- SOURCE INFORMATION -
==*==

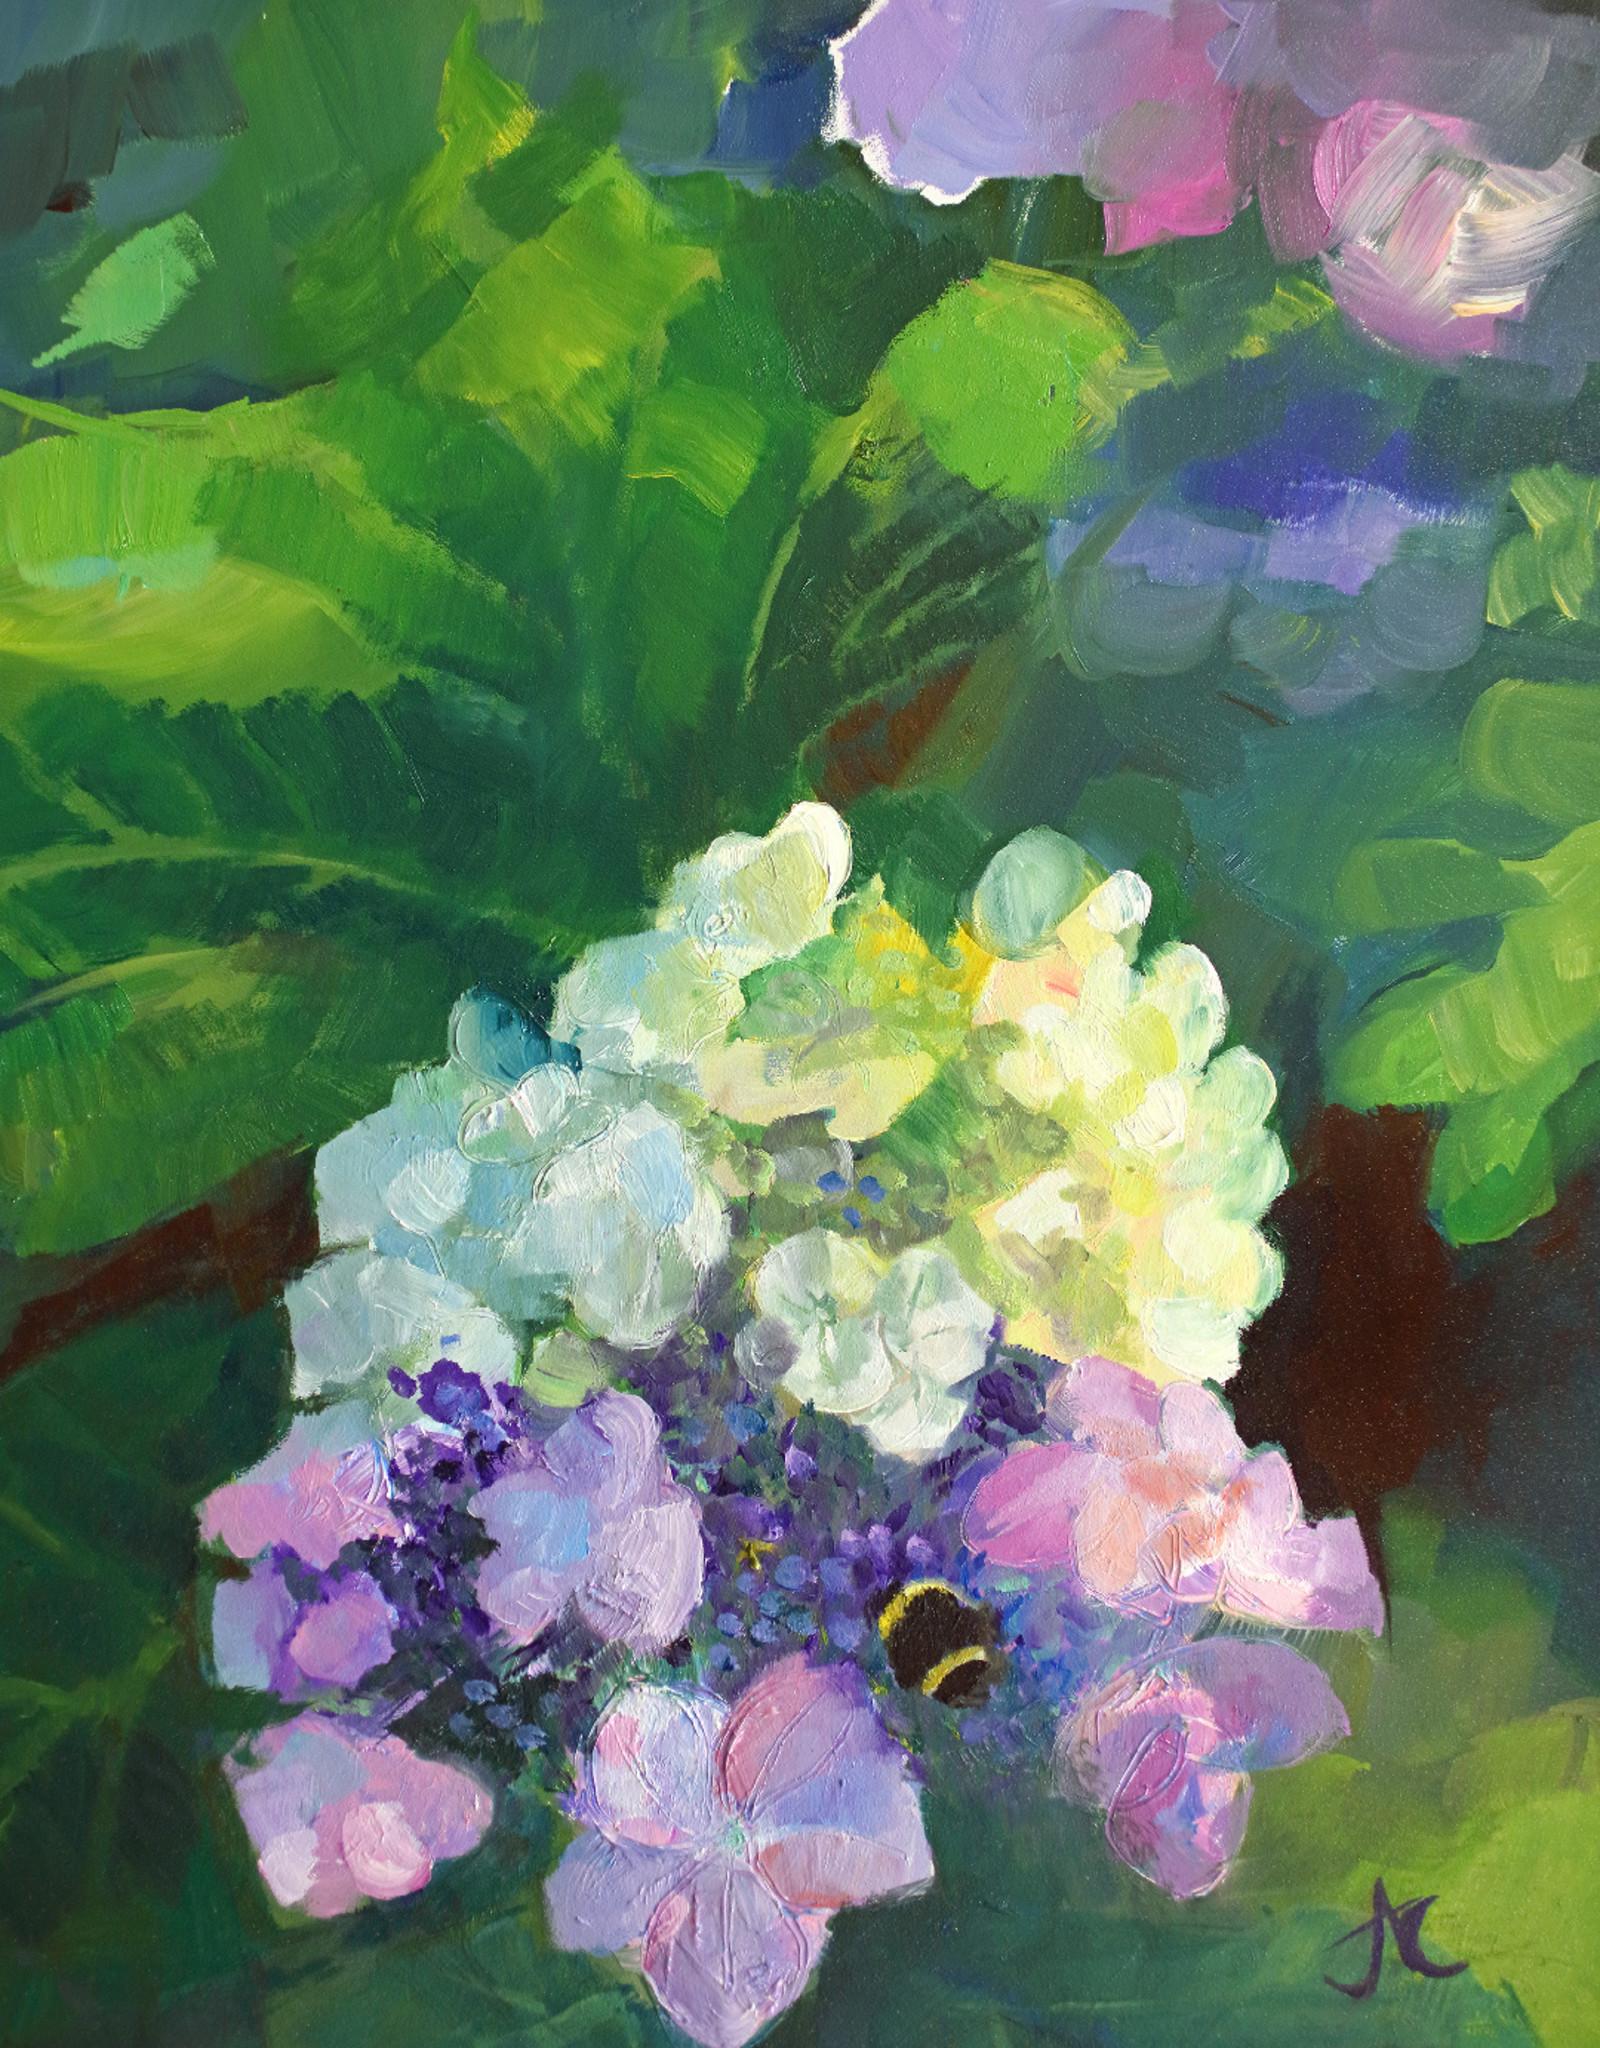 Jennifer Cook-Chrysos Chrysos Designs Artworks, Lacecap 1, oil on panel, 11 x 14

==*==

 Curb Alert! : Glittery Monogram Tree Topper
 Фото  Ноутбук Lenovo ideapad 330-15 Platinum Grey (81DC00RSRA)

==*==

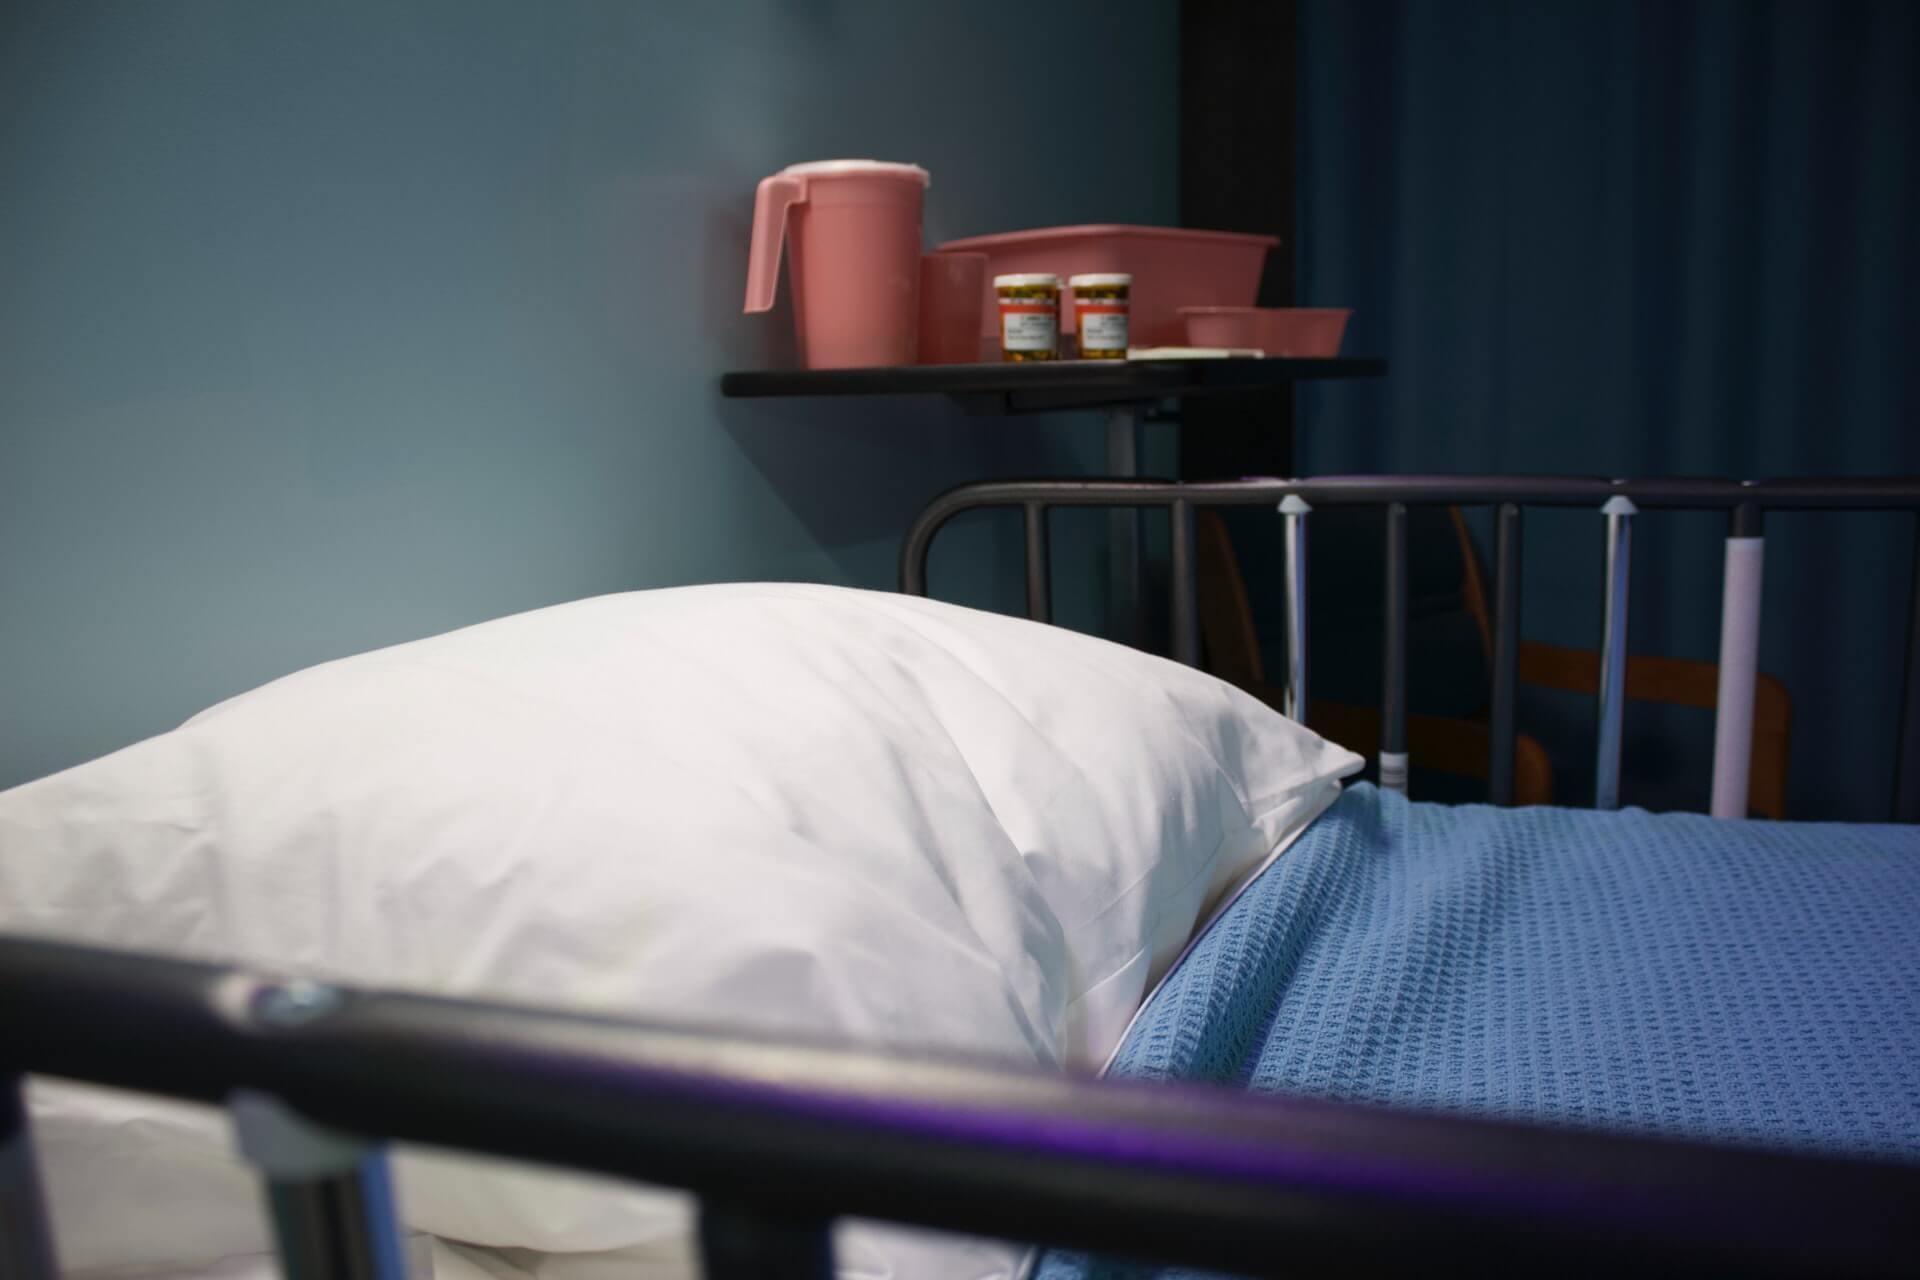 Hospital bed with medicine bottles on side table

==*==

- WORK INSTRUCTIONS -
Reproduce only the lines above spanning from the line containing "Curb Alert! : Glittery Monogram Tree Topper" through the line containing "Platinum Grey (81DC00RSRA)", word for word.

- RESULT -
 Curb Alert! : Glittery Monogram Tree Topper
 Фото  Ноутбук Lenovo ideapad 330-15 Platinum Grey (81DC00RSRA)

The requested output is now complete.